Of course, there were no cars on the island. And why should they, if, as the locals say, getting from one end of Hasima to the other could be faster than smoking a cigarette? In rainy weather, even umbrellas were not required here: intricate labyrinths of covered galleries, corridors and stairs connected almost all buildings, so, by and large, people did not need to go out into the open air at all.
Hierarchy
Hashima Island was a place where a strict social hierarchy reigned. As well as possible, this was reflected in the distribution of housing. Yes, managermine "Mitsubishi" occupied the only one-story mansion on the island, built on top of a cliff. Doctors, managers, teachers lived in separate houses in two-room, rather spacious apartments with a private kitchen and a bathroom. Miners' families were allocated two-room apartments with an area of 20 square meters, but without their own kitchen, shower and toilet - these objects were common "on the floor". Lone miners, as well as seasonal workers, lived in 10-square-meter rooms in houses built here at the beginning of the 20th century.
Mitsubishi has established a so-called private property dictatorship on Hasima. The company, on the one hand, gave the miners jobs, provided wages, housing, and on the other hand, forced people to participate in public works: cleaning the territory and premises in buildings.
Dependence on the "mainland"
Miners gave Japan the coal it needed, while their existence depended entirely on supplies from the "mainland" of clothes, food, and even water. Here, until the 1960s, there were not even plants, until in 1963 soil was brought to Hashima from the island of Kyushu, which made it possible to establish gardens on the roofs of buildings and organize small vegetable gardens and public gardens in the few free areas. Only then were the inhabitants of the "battleship" able to start growing at least some vegetables.
Hashima - ghost island
Back in the early 1960s. it seemed that the island was waiting for a cloudless future. But as a result of cheaper oil at the end of the decade, coal production became more and moreunprofitable. Mines were closed across the country, and a small island in the East China Sea eventually fell victim to the reorientation of the Japanese to the use of "black gold". At the beginning of 1974, the Mitsubishi concern announced the liquidation of the mines at Hasima, and the school was closed in March. The last resident left the "battleship" on April 20. Since then, the abandoned city-island of Hasima, which has been rebuilt with such labor for 87 years, has been irreversibly destroyed. Today it serves as a kind of historical monument of Japanese society.
Tourist facility
For a long time, Khashima was closed to tourists, as the buildings erected in the first half of the 20th century were very actively degraded. But since 2009, the country's authorities began to allow everyone to the island. A special walking route was organized for visitors in the safe part of the battleship.
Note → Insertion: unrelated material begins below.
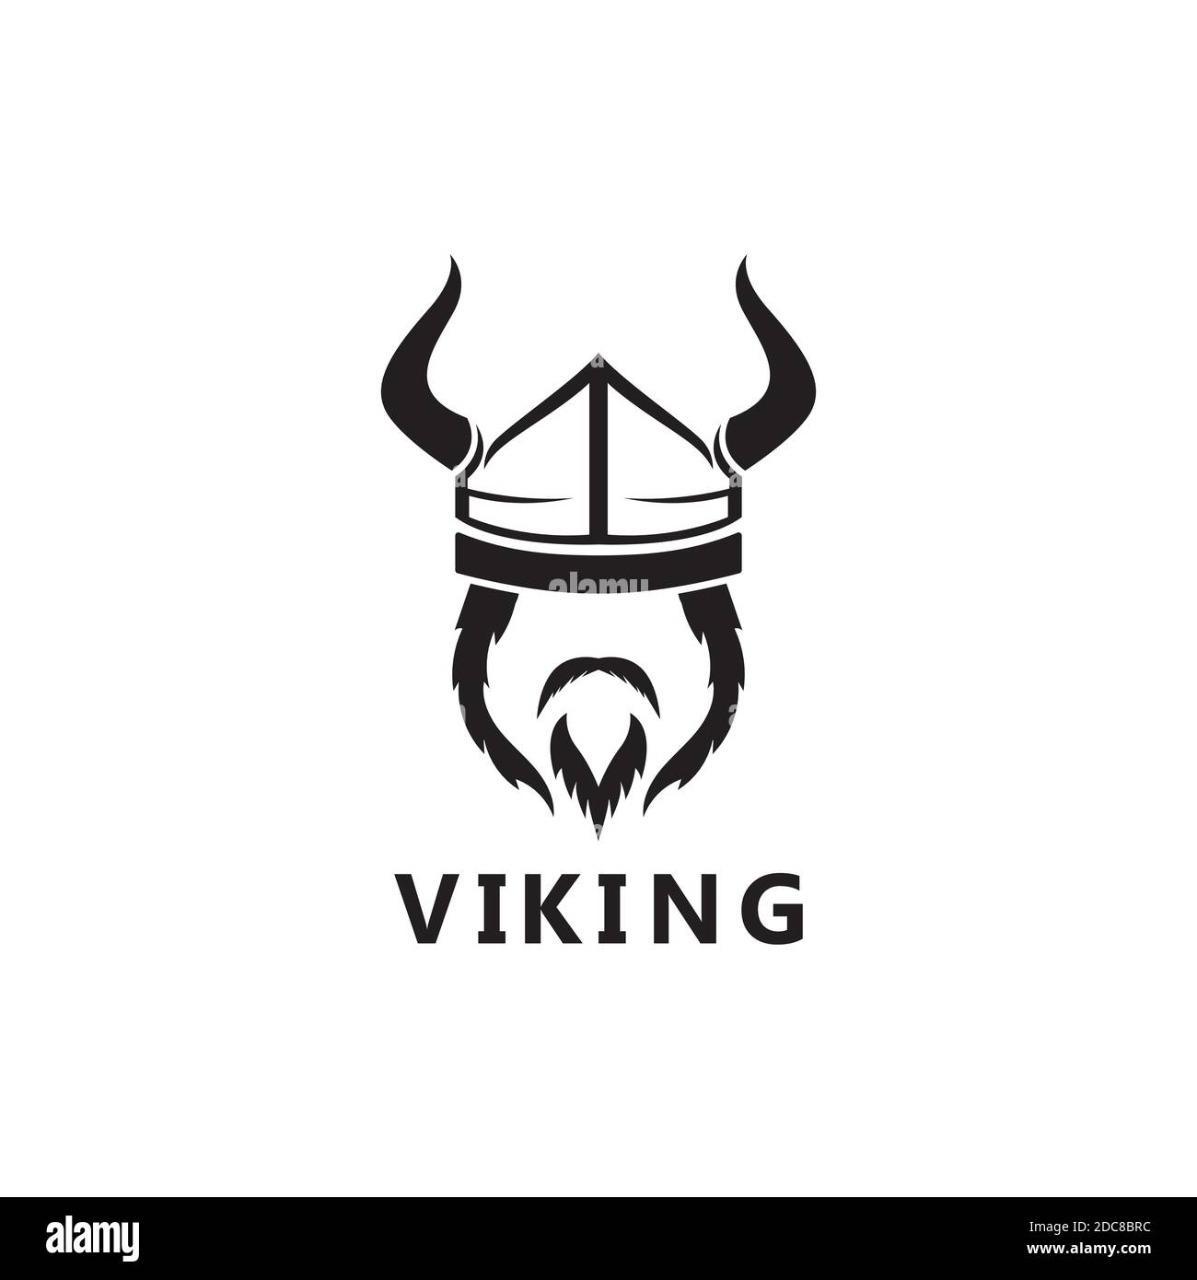 Vikingo95?s=8m3ko+yn45a1lvdz5+zqqle46fgedfh5phbklofxyy4=

And not so long ago, Hashima Island attracted even more attention. A wave of interest rose after the release of the last part of the epic film about the adventures of James Bond, the British agent 007. Pinewood studio pavilions.
Virtual walk
Today, individual enthusiasts are making proposals for the reconstruction of the entire island, because its tourism potential is truly enormous. They want to organize an open-air museum here and include Hasima in the UNESCO list. However, toto restore dozens of dilapidated buildings, large financial costs are required, and the budget for this purpose is even difficult to predict.
Nevertheless, now anyone can wander through the labyrinths of the "battleship" without leaving home. Google Street View in July 2013 took a picture of the island, and now the inhabitants of the Earth can see not only the quarters of Hasima, which are currently inaccessible to tourists, but also visit the miners' apartments, abandoned buildings, view household items and things left by them upon departure.
Hashima Island is a harsh symbol of the birth of Japan's great industry, which at the same time clearly demonstrates that even under the rising sun nothing lasts forever.